Would you please transcribe the listing exactly, with no images?

(Information provided)

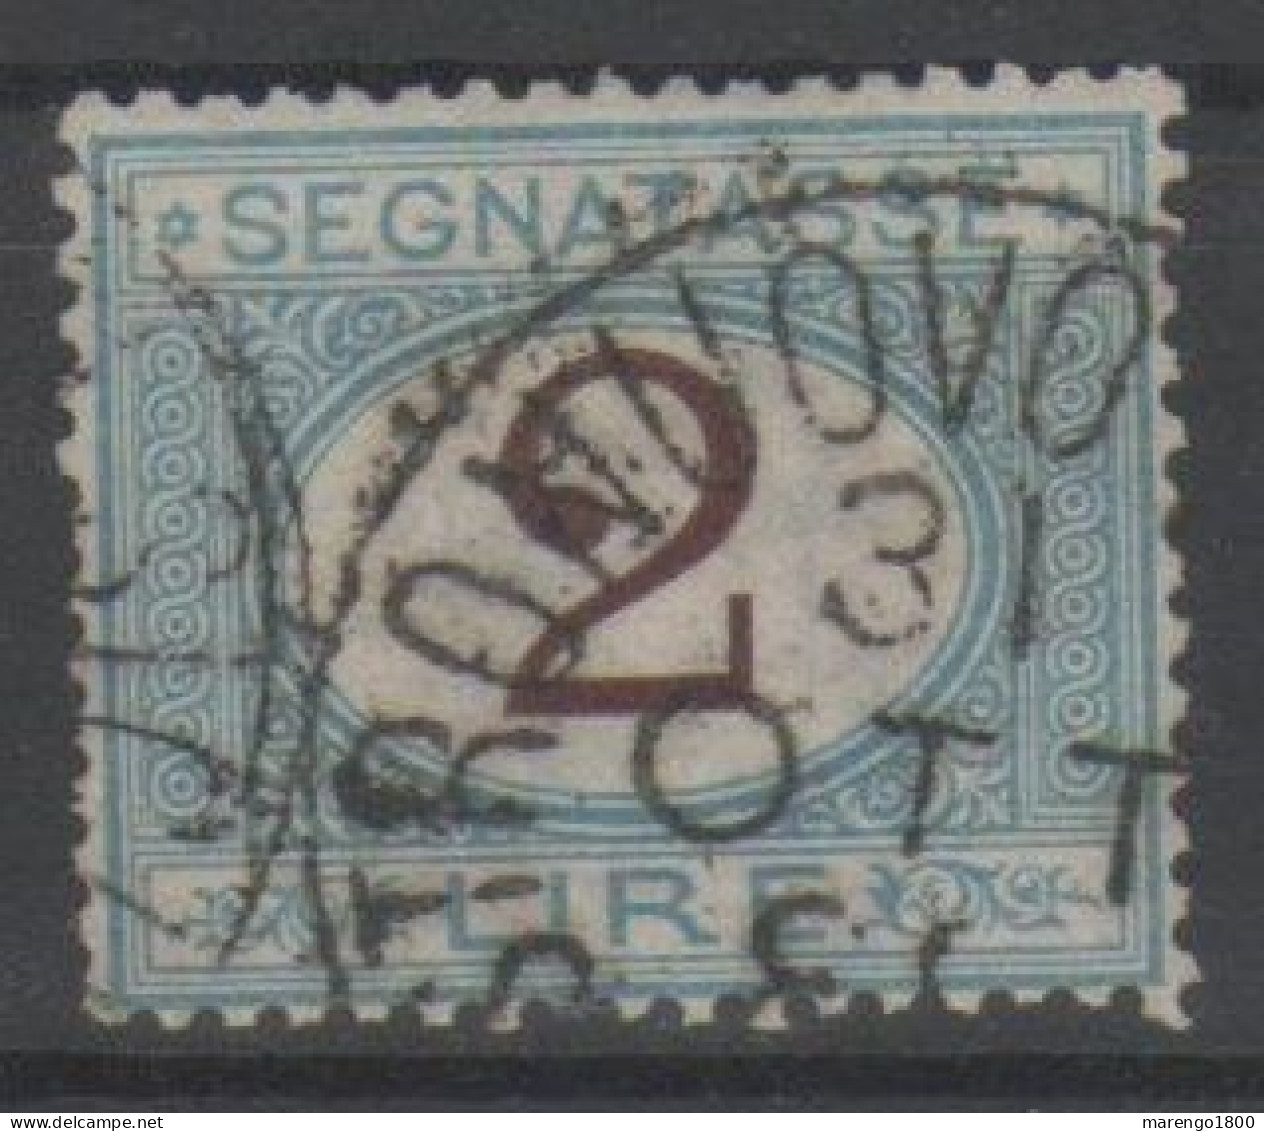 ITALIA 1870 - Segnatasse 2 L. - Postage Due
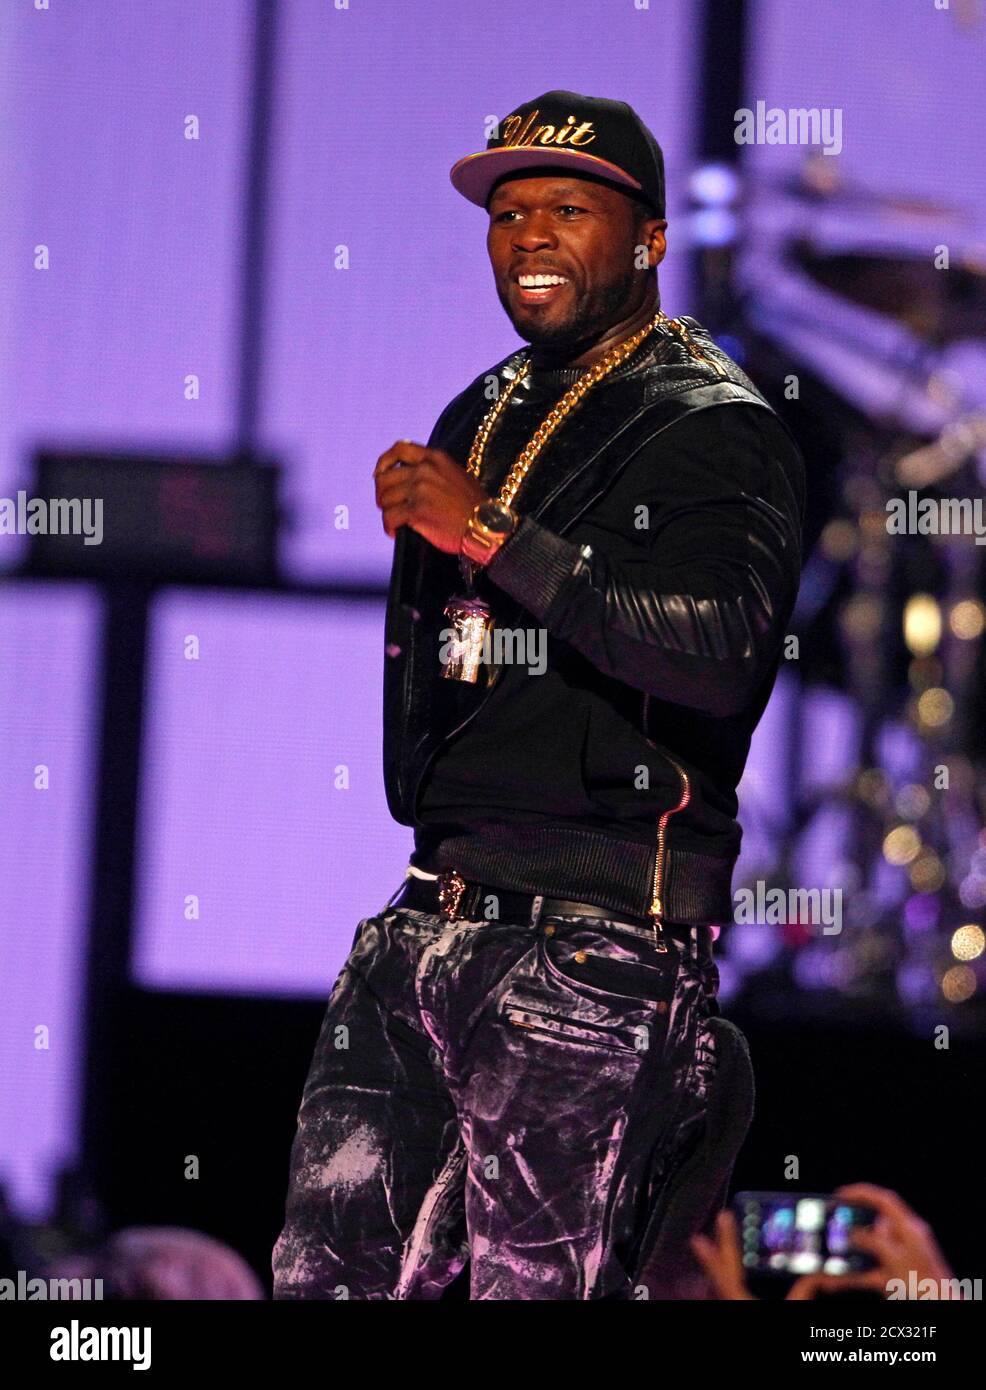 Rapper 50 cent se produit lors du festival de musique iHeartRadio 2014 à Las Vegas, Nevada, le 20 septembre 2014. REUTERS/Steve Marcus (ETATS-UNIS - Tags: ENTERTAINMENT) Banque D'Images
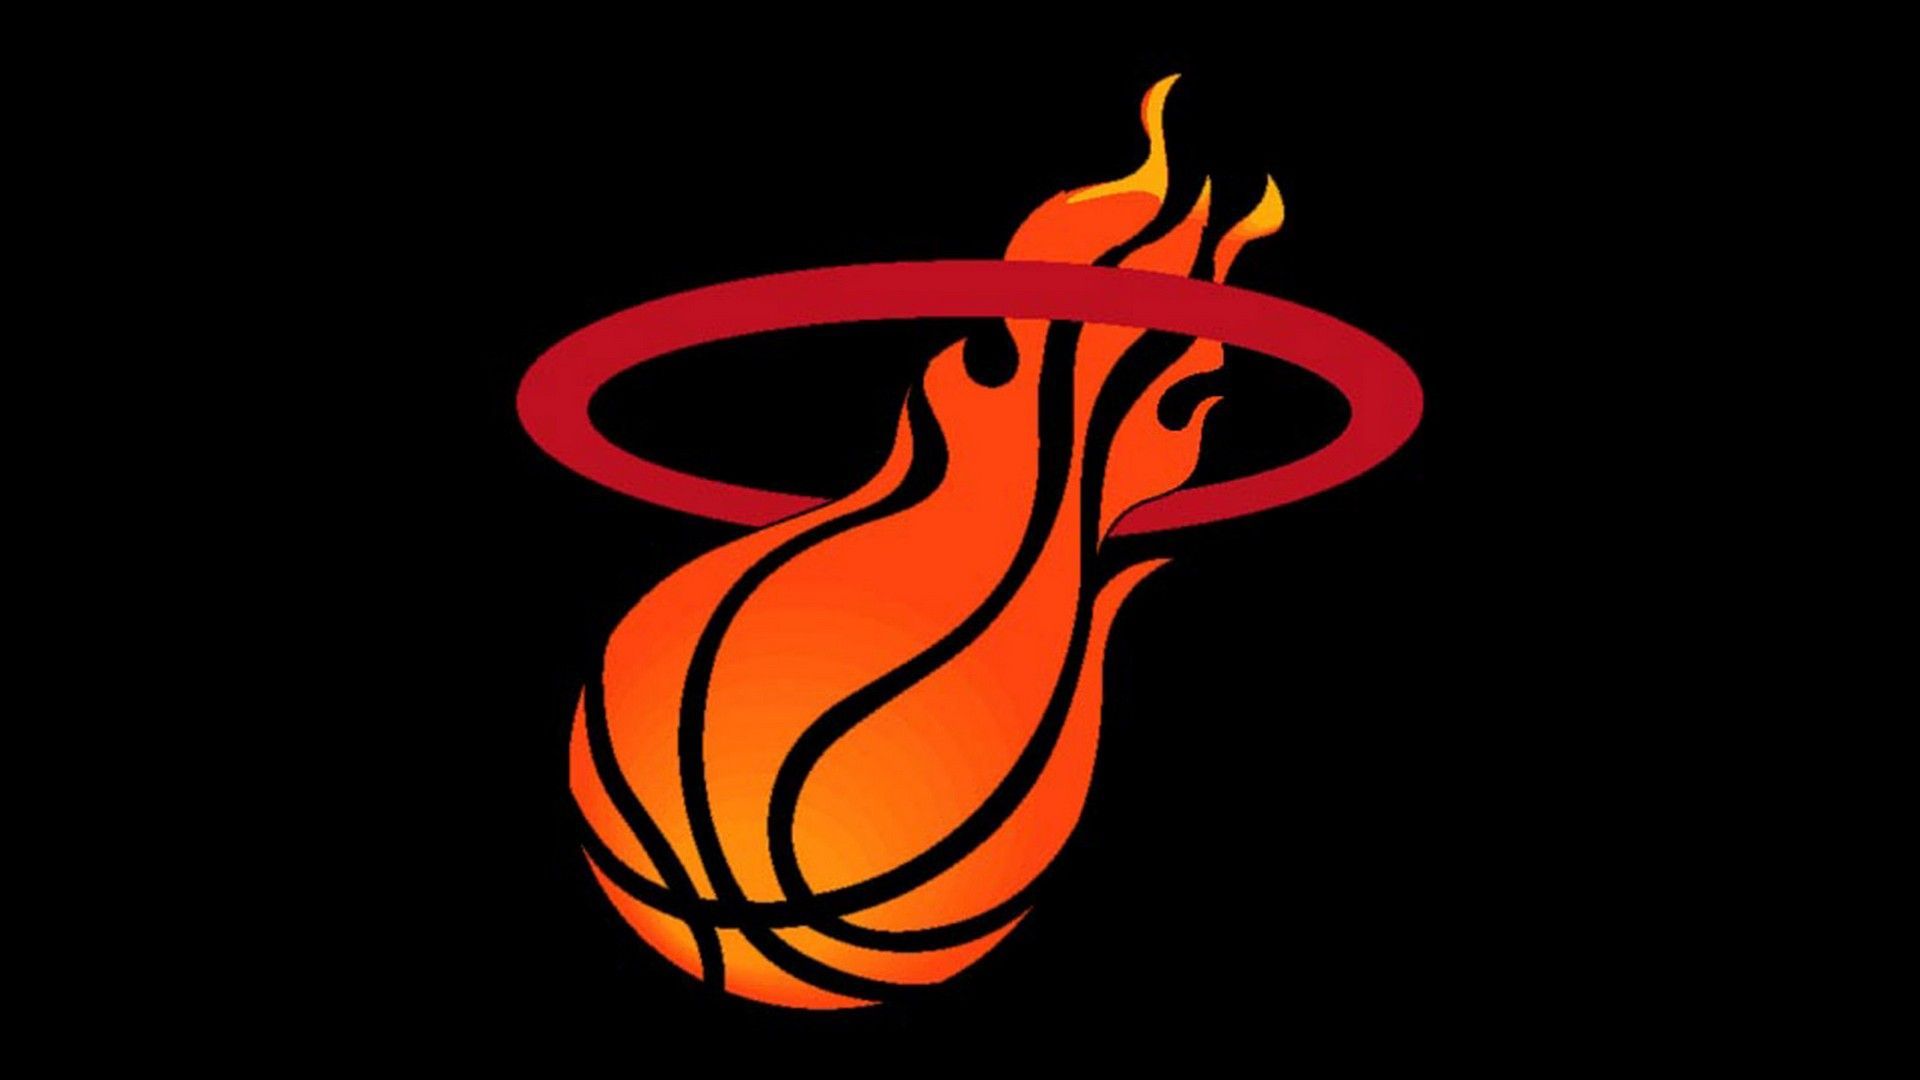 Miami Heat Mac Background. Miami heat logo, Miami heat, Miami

(End Information provided)

◆ **Written response**
 ITALIA 1870 - Segnatasse 2 L. - Postage Due
 Rapper 50 cent se produit lors du festival de musique iHeartRadio 2014 à Las Vegas, Nevada, le 20 septembre 2014. REUTERS/Steve Marcus (ETATS-UNIS - Tags: ENTERTAINMENT) Banque D'Images
 Miami Heat Mac Background. Miami heat logo, Miami heat, Miami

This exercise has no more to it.